Thereupon the respondent company amended its Writ Petition, challenged the
withdrawal order as mala fide and included a prayer for quashing the decision
of the State Government to withdraw its lands from the acquisition.
This
Writ Petition was allowed by a learned Single Judge of the High Court on
9.11.83 and his decision was affirmed by a Division Bench on 6th August, 1985.
The State Government has preferred this appeal.
The
contention of the respondent before the High Court was that the State
Government had acted mala fide in invoking the power of withdrawal permitted by
section 48 in the facts and circumstances of the present case. It was contended
that the purpose for which the lands had been sought to be acquired continued
to subsist and that, all along, in the correspondence between the parties the
State Government had given no indication that the lands were no longer needed
by it for that purpose.
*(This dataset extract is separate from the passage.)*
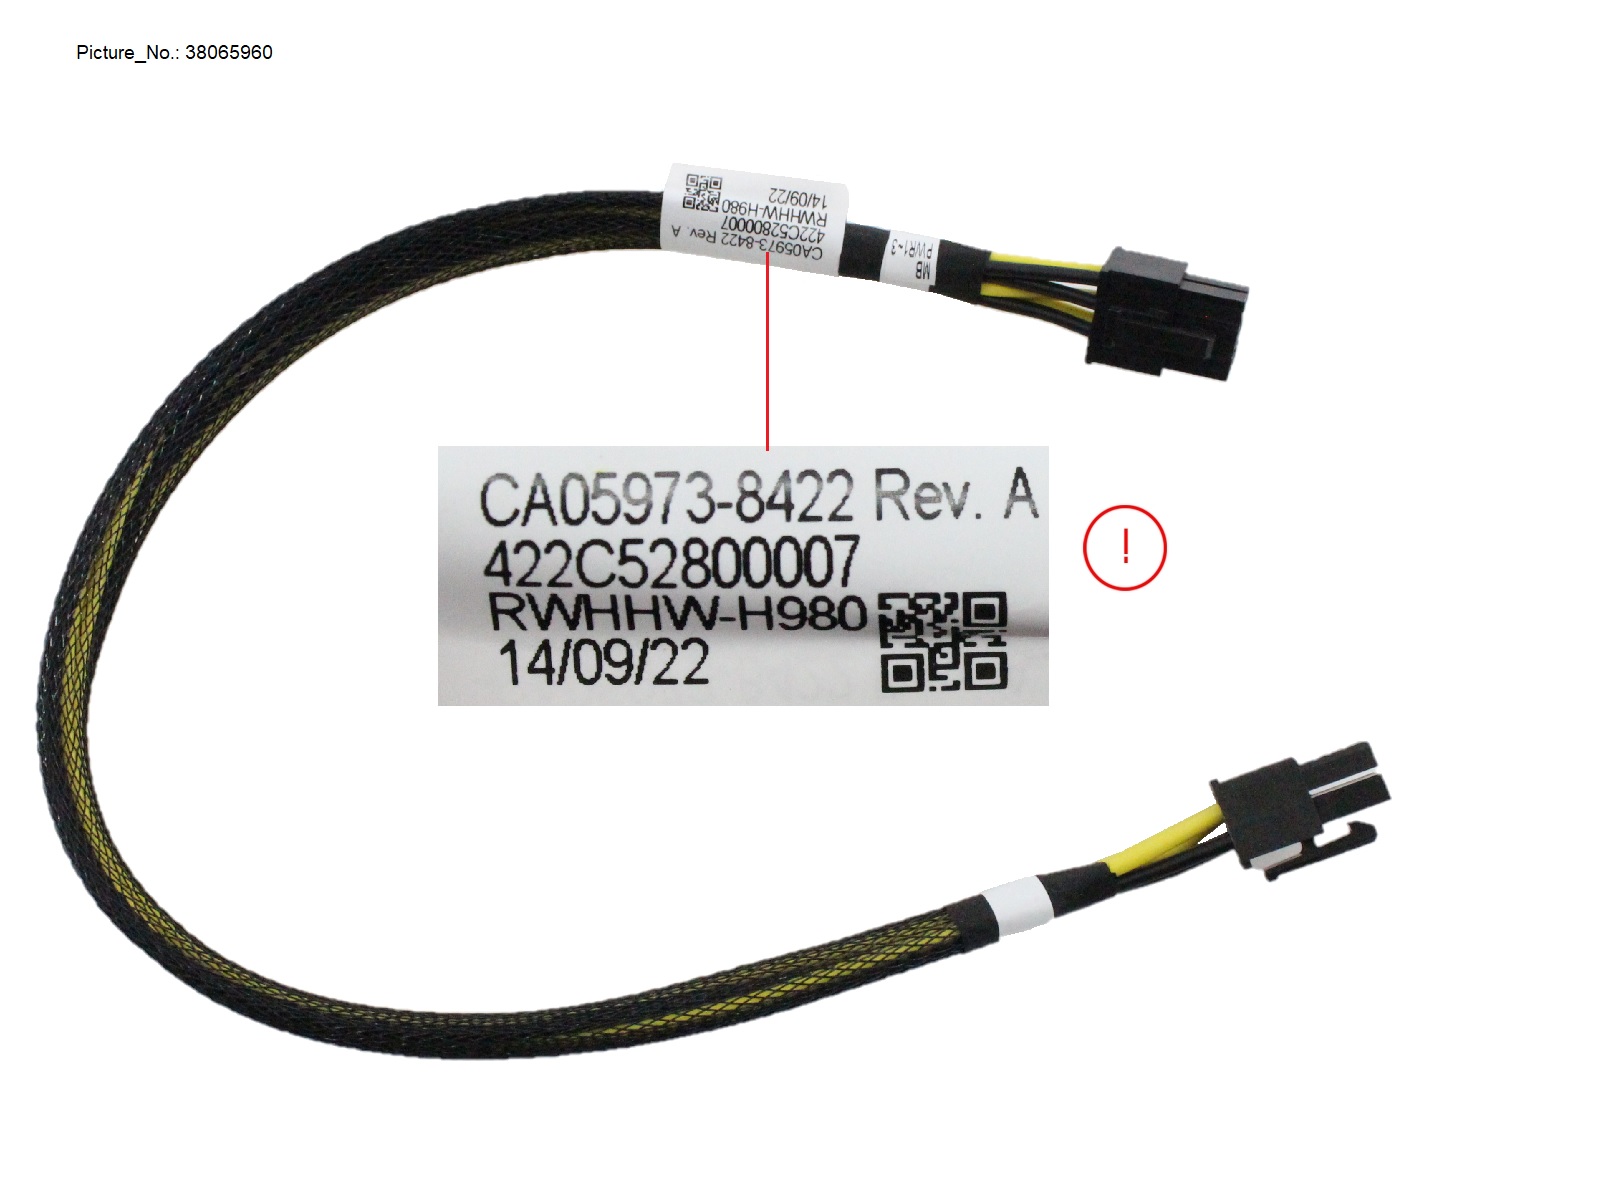 POWER CABLE FOR SAS HSBP-1 (360 MM)

It was urged that the order under section 48 had been
passed, after the respondent company filed a writ petition, solely with a view
to defeat the relief claimed by the Company in the writ 594 petition and render
the same in fructuous. It was submitted that the A respondent had not been able
to take steps to remove the encroachments because of the pendency of the
proceedings for acquisition inasmuch as under section 24 of the Act any
expenditure incurred by the company in this regard could not be taken into
account in determining the compensation due to the respondent. It was pointed
out that while the company was helpless in defending itself against the
encroachments, the State had ample powers, while taking possession of the lands
to remove the trespassers and enforce the surrender of the lands to the
Government both under the Land Acquisition Act and the Maharashtra Land Revenue
Code. It was urged that the long delay of about 20 years in taking the step of
withdrawal showed mala fides on the part of the Government. A grievance was
also made that no show cause notice had been given to the respondent company
before the withdrawal order was passed. These contentions (except the last one
which was left open) were accepted by the High Court.
We
are of opinion that the High Court erred in striking down the order under s. 48
and compelling the State Government to acquire the lands of the respondent.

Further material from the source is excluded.